- What use case is the model going to support/resolve?
Related to https://phabricator.wikimedia.org/T371902
- Do you have a '''model card''' ?
https://meta.wikimedia.org/wiki/Machine_learning_models/Proposed/Language-agnostic_reference_risk
- What team created/trained/etc.. the model? What tools and frameworks have you used?
- What kind of data was the model trained with, and what kind of data the model is going to need in production (for example, calls to internal/external services, special datasources for features, etc..) ?
This model requires access to precomputed domain metadata for inference. This metadata is currently expected to be updated monthly through an Airflow DAG maintained by research engineering which invokes the reference quality pipeline to generate a new snapshot of domain features every month.
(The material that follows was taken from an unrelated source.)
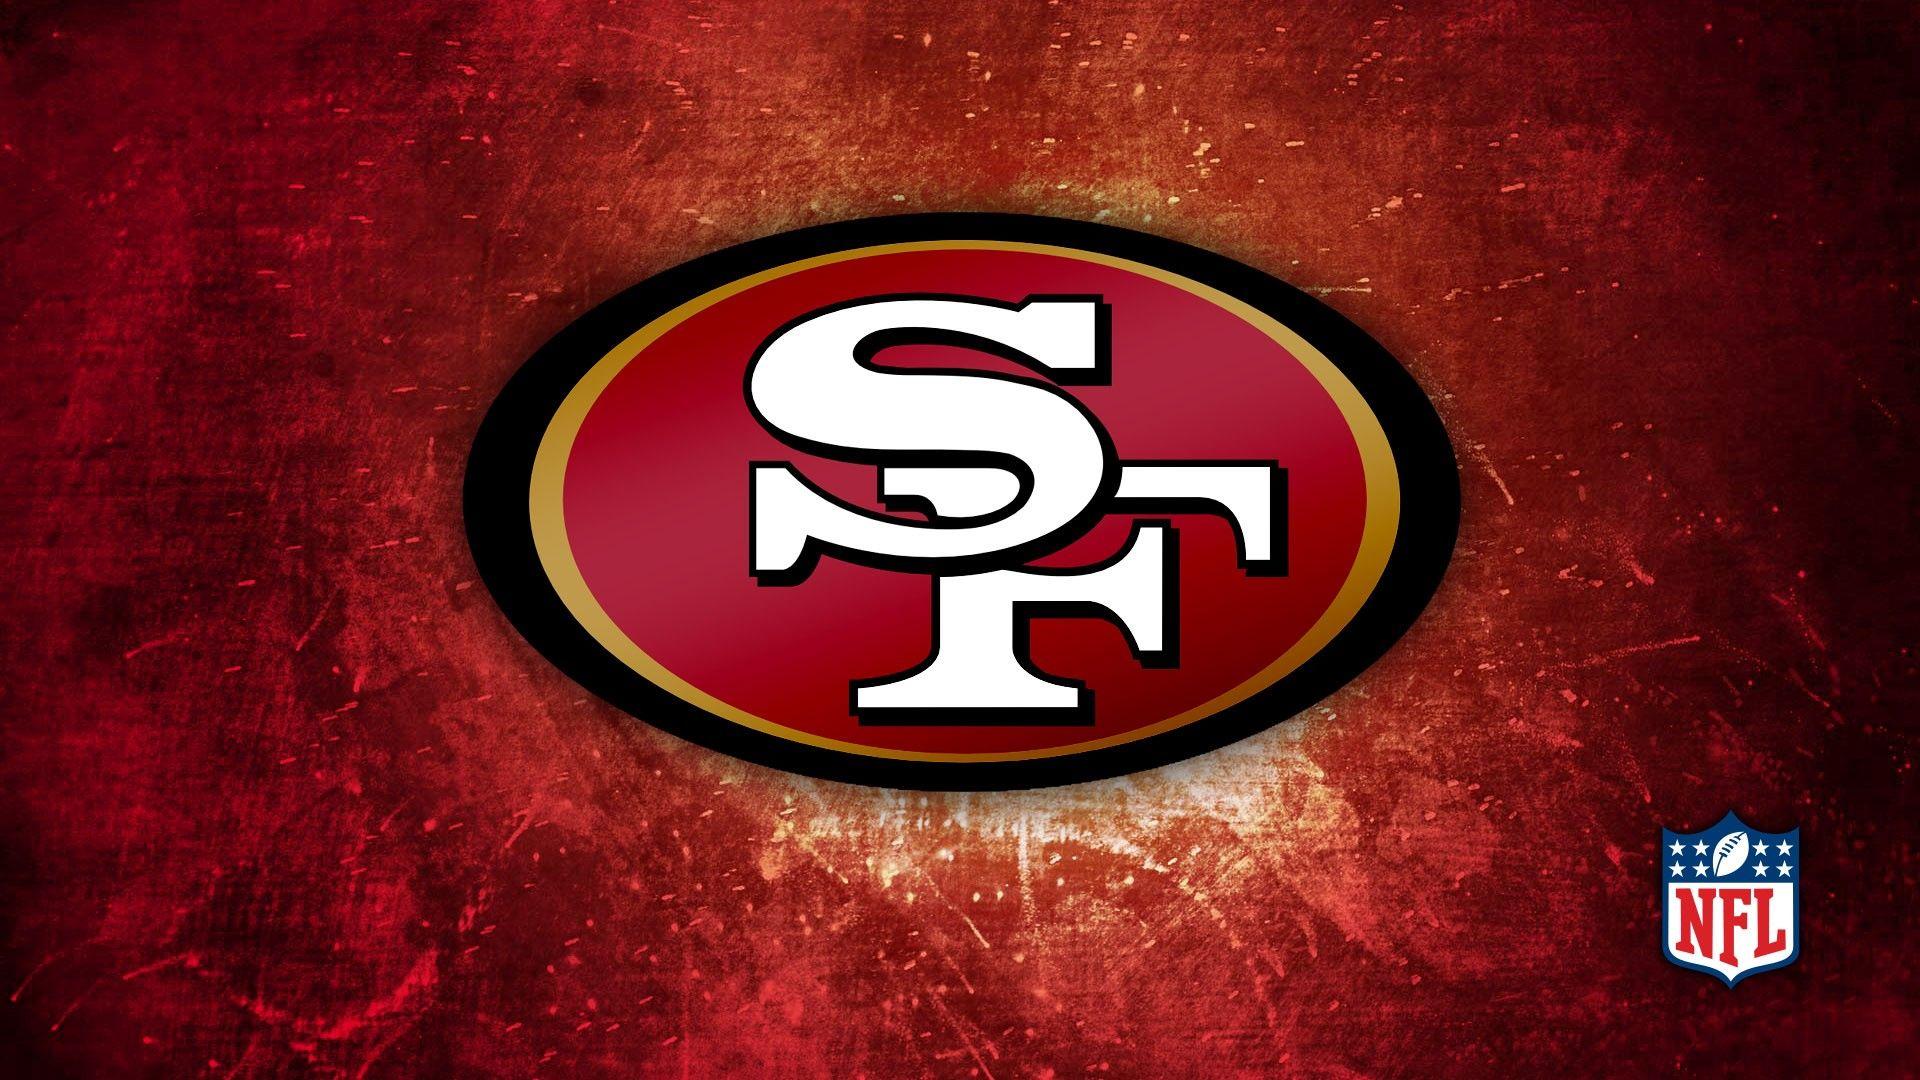 Hd Backgrounds San Francisco 49ers 2021 Nfl Football Wallpapers San Francisco 49ers Logo San Francisco 49ers Nfl Football Wallpaper

The pipeline itself depends on the wmf.mediawiki_wikitext_history dataset in the data lake for retrieving historical information on a domain and also on wmf.mediawiki_wikitext_current for getting the perennial sources labels for domains.
To facilitate retrieval, these snapshots are exported in the form of an sqlite database with the following table:
sqlite> .schema domains CREATE TABLE IF NOT EXISTS "domains" ( "wiki_db" TEXT, "domain" TEXT, "page_distinct_cnt" INTEGER, "add_user_distinct_cnt" INTEGER, "ref_max_lifespan_mean" REAL, "ref_max_lifespan_p25" REAL, "ref_max_lifespan_median" REAL, "ref_max_lifespan_p75" REAL, "ref_real_lifespan_mean" REAL, "ref_real_lifespan_p25" REAL, "ref_real_lifespan_median" REAL, "ref_real_lifespan_p75" REAL, "num_edits_mean" REAL, "num_edits_p25" INTEGER, "num_edits_median" INTEGER, "num_edits_p75" INTEGER, "sur_edit_ratio_mean" REAL, "sur_edit_ratio_p25" REAL, "sur_edit_ratio_median" REAL, "sur_edit_ratio_p75" REAL, "psl_local" TEXT, "psl_enwiki" TEXT, "snapshot" TEXT ); CREATE INDEX "ix_domains_wiki_db_domain"ON "domains" ("wiki_db","domain");
This database is then uploaded to the feature-sets container in swift which is world readable i.e. has read ACL '.r:*,.rlistings'. Available snapshots can be listed via:
$ curl 'https://thanos-swift.discovery.wmnet/v1/AUTH_research/feature-sets?prefix=reference-risk'
- If you have a minimal codebase that you used to run the first tests with the model, could you please share it?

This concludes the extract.